Both the council and staff of the MCC have been doing more training in regards to racial equity, to aid in the proper knowledge regarding new principles regarding the Race Equity Plan, and how they will be acted upon in the coming months.
“As an Executive Director,” said Bobbitt, “my work includes helping organizations diversify and build racial equity plans for many years, we will look to get feedback from the community and launch it. One of the things we are identifying in our Racial Equity Plan is the emphasis on recruitment, especially on those from marginalized communities.
“I think we are going to find out,” he continued, “that we have been underfunding those organizations, and that there are many more organizations that don’t know we exist, said Bobbitt.”
Bobbitt envisions how his work with intersect with that of Anderson and the effects of the Racial Equity Plan in five years.

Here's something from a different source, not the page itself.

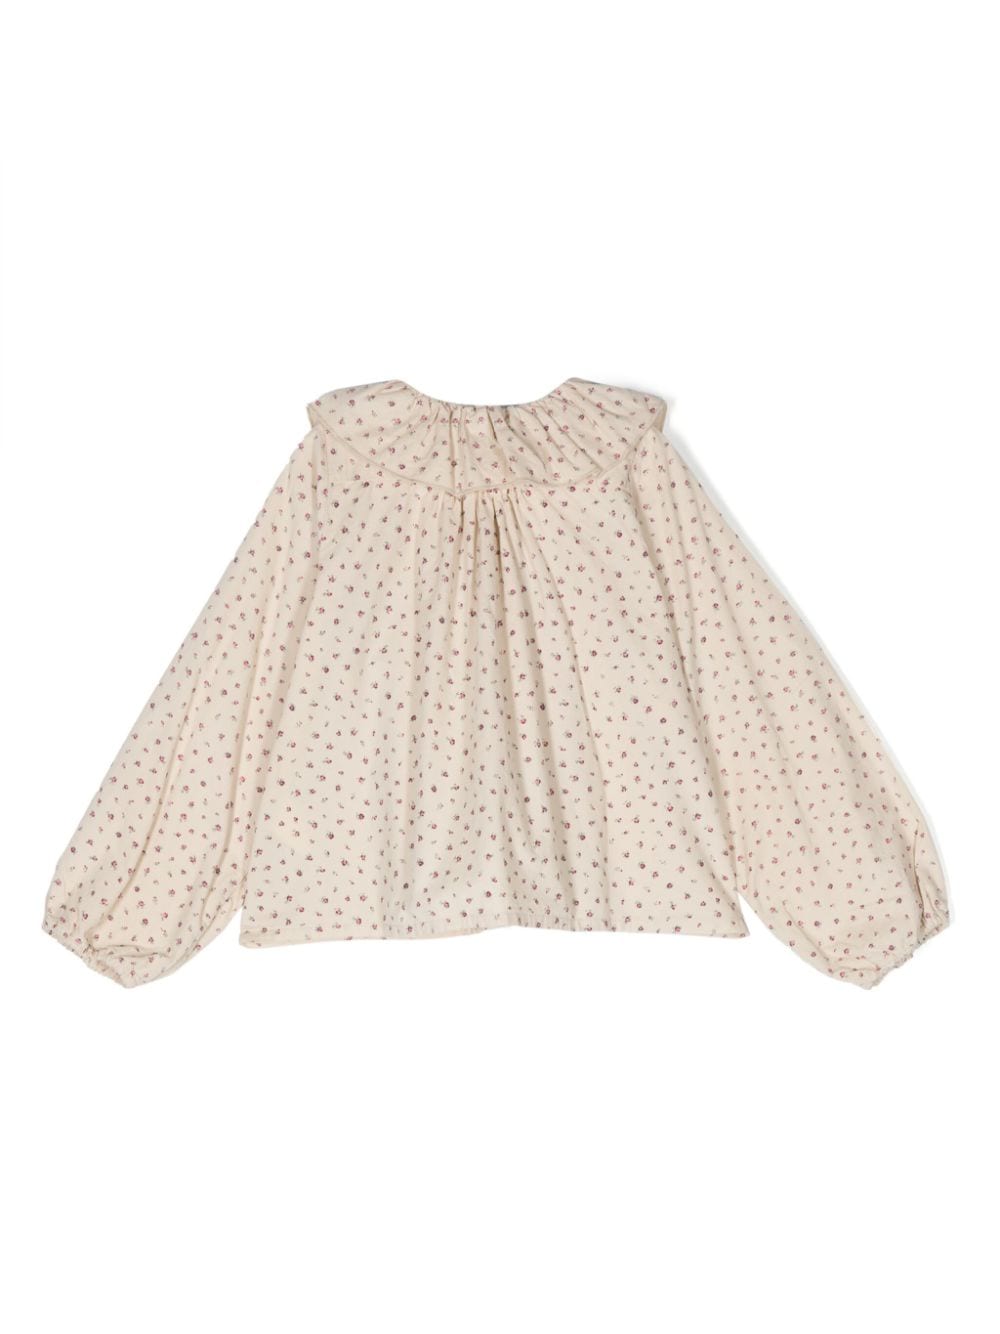 TOCOTO VINTAGE KIDS floral-patterned cotton blouse - Beige

“I hope to see that we are investing more in BIPOC communities,” said Bobbitt, “in terms of organization and individuals. I also hope that it will give us a chance to look at our granting process, by making sure that organizations that don’t have large fundraising departments can get funding from the state.
“We are making sure,” he went on, “that internally we have voices from BIPOC people on all decisions making to ensure that we have equal representation of the staff, the panel, and working groups and task forces. The more you work to take care of people who need it the most, the more everyone benefits.”
Bobbitt truly believes in the science which points to the psychological ways that art can help young children do better in school, and how art helps to encourage community engagement.
Bobbitt allowed himself to broaden the scope of his vision for a moment, gazing into a possible future, “The benefits of the exposure to art are endless,” he stated,” as artists are experts at using their imagination to see the world differently. So, we can imagine what the world looks like without racism, without COVID and imagining what the world would look like with a really strong democracy to back up our workforce, so that we can make the state diverse and the best in every aspect.”